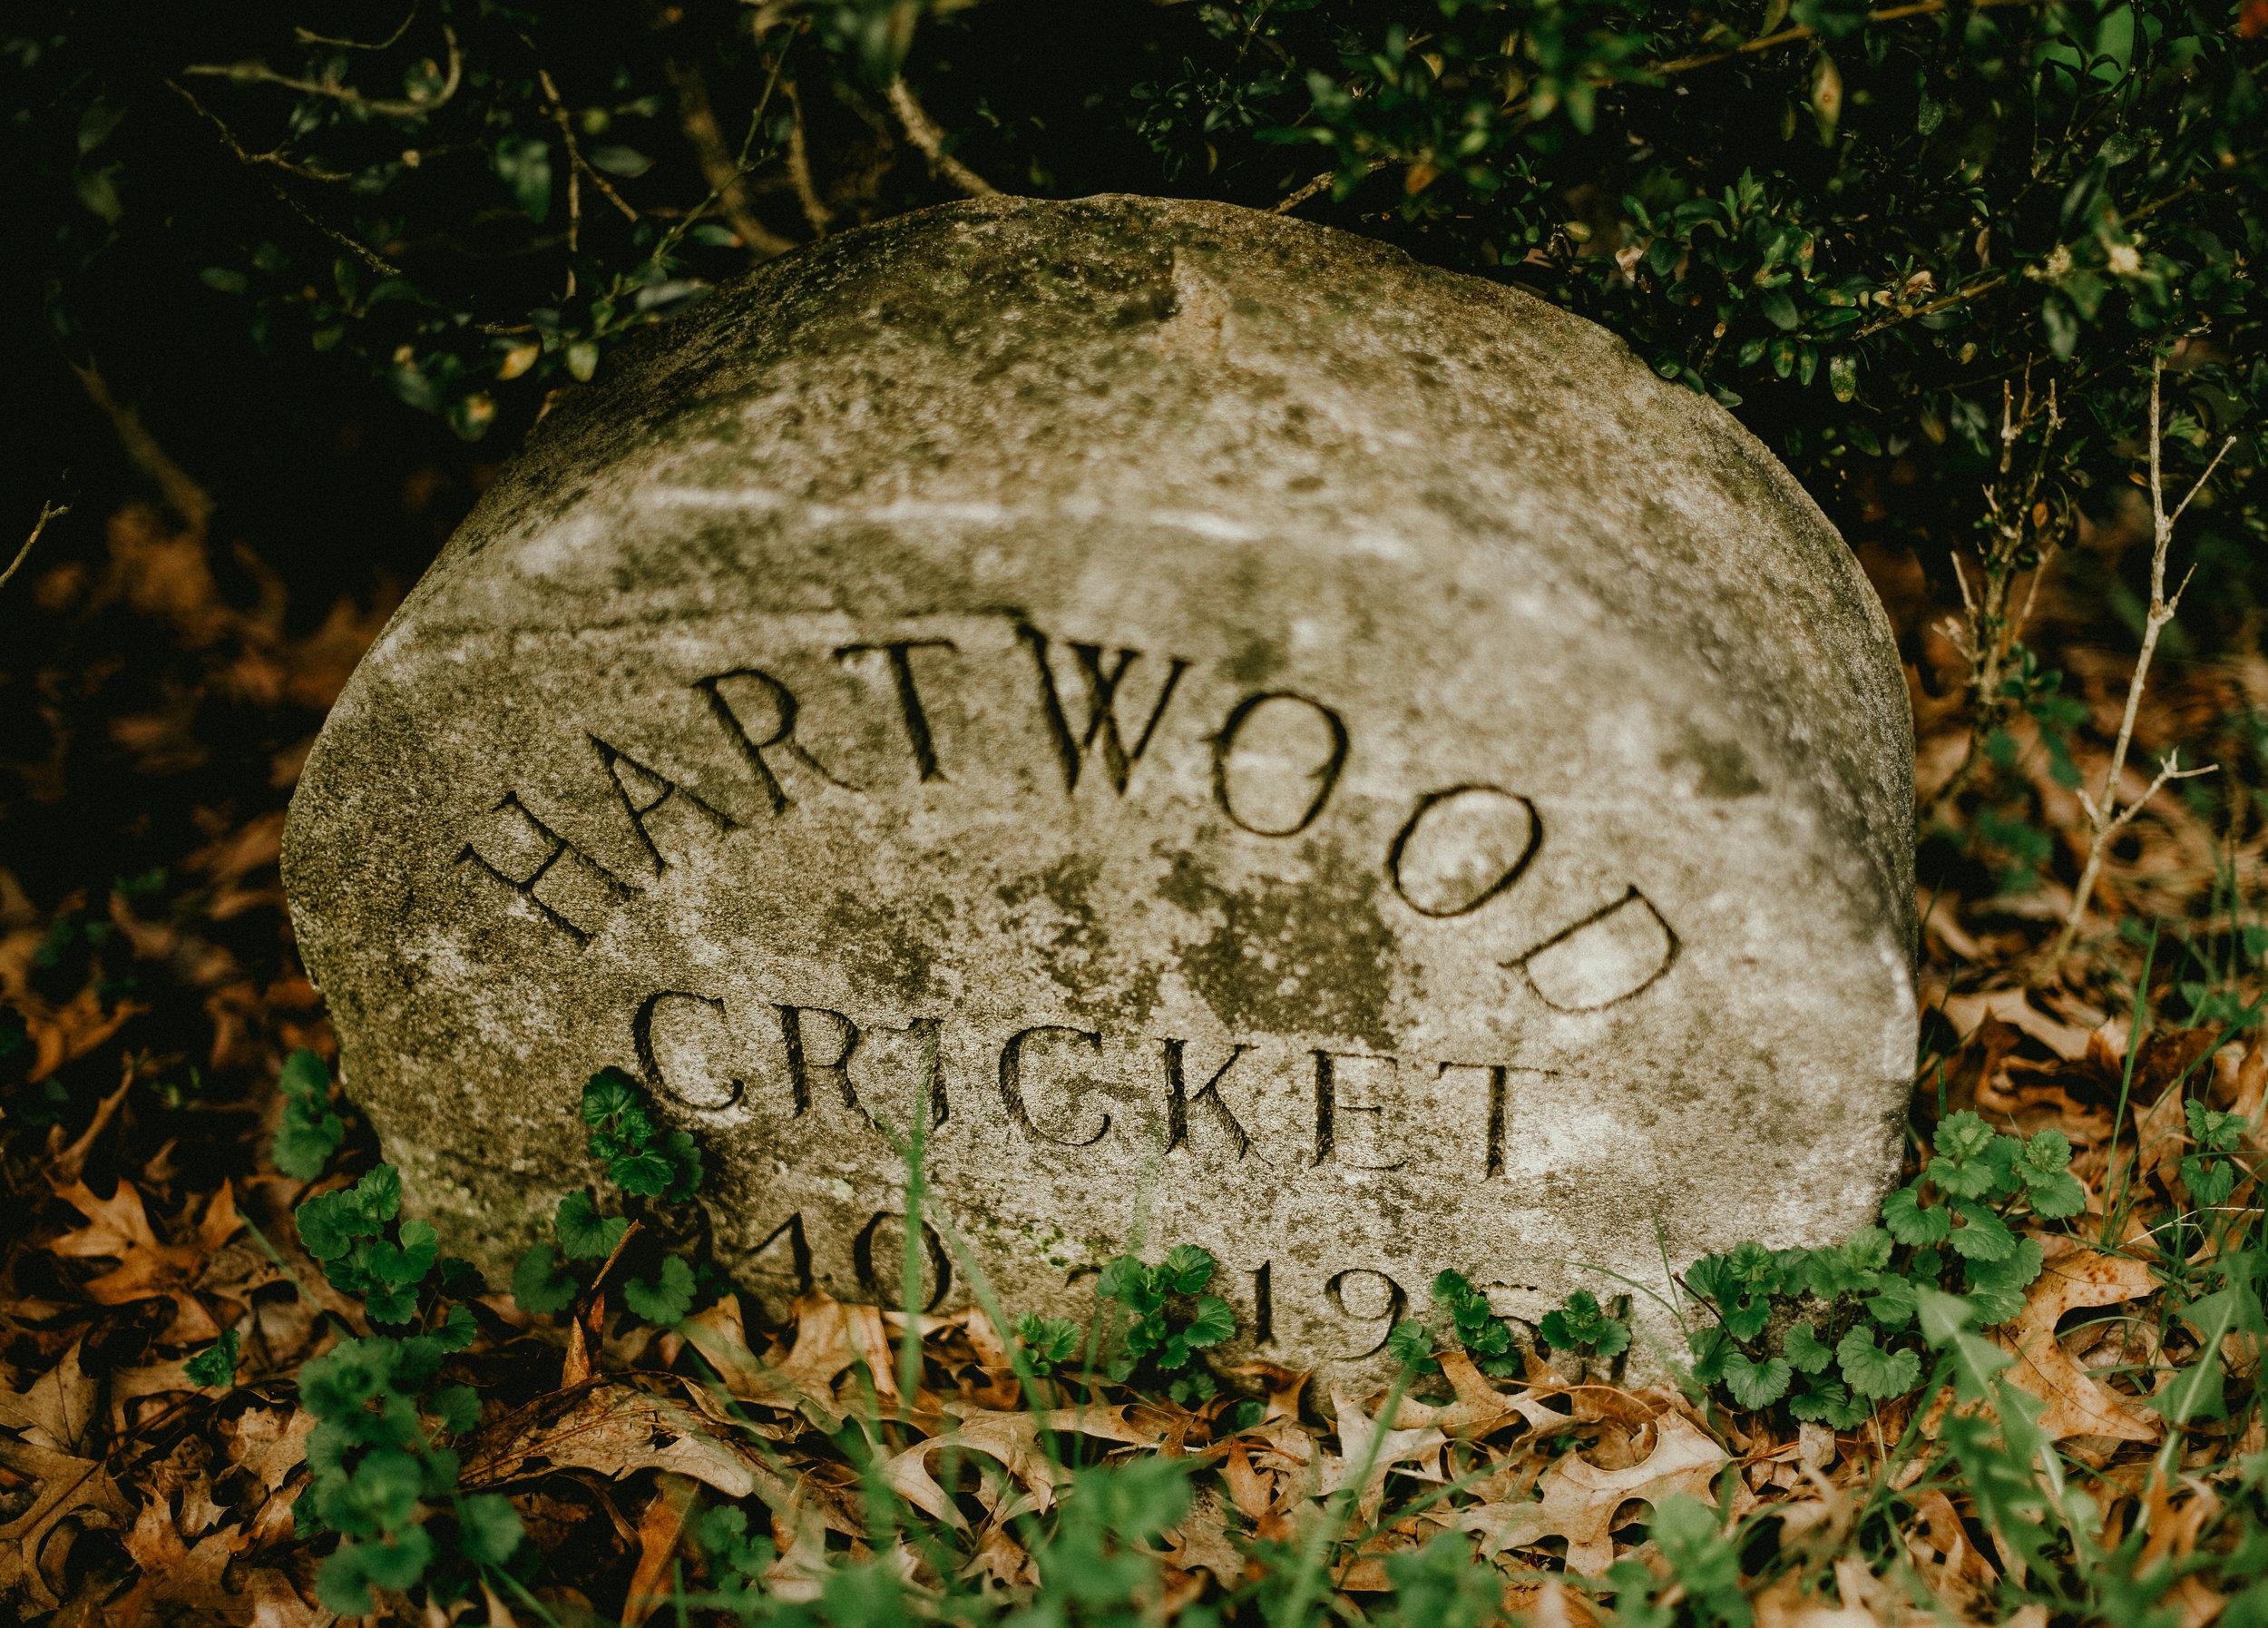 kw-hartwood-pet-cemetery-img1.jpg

...

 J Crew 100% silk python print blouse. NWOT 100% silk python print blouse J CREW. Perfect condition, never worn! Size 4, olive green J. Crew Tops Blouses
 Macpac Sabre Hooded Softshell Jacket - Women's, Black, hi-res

[Required action]:
Would you copy out exactly the lines above that start at the one containing "J Crew 100%" and end at the one containing "Macpac Sabre Hooded", inclusive?

[Answer to this problem]:
 J Crew 100% silk python print blouse. NWOT 100% silk python print blouse J CREW. Perfect condition, never worn! Size 4, olive green J. Crew Tops Blouses
 Macpac Sabre Hooded Softshell Jacket - Women's, Black, hi-res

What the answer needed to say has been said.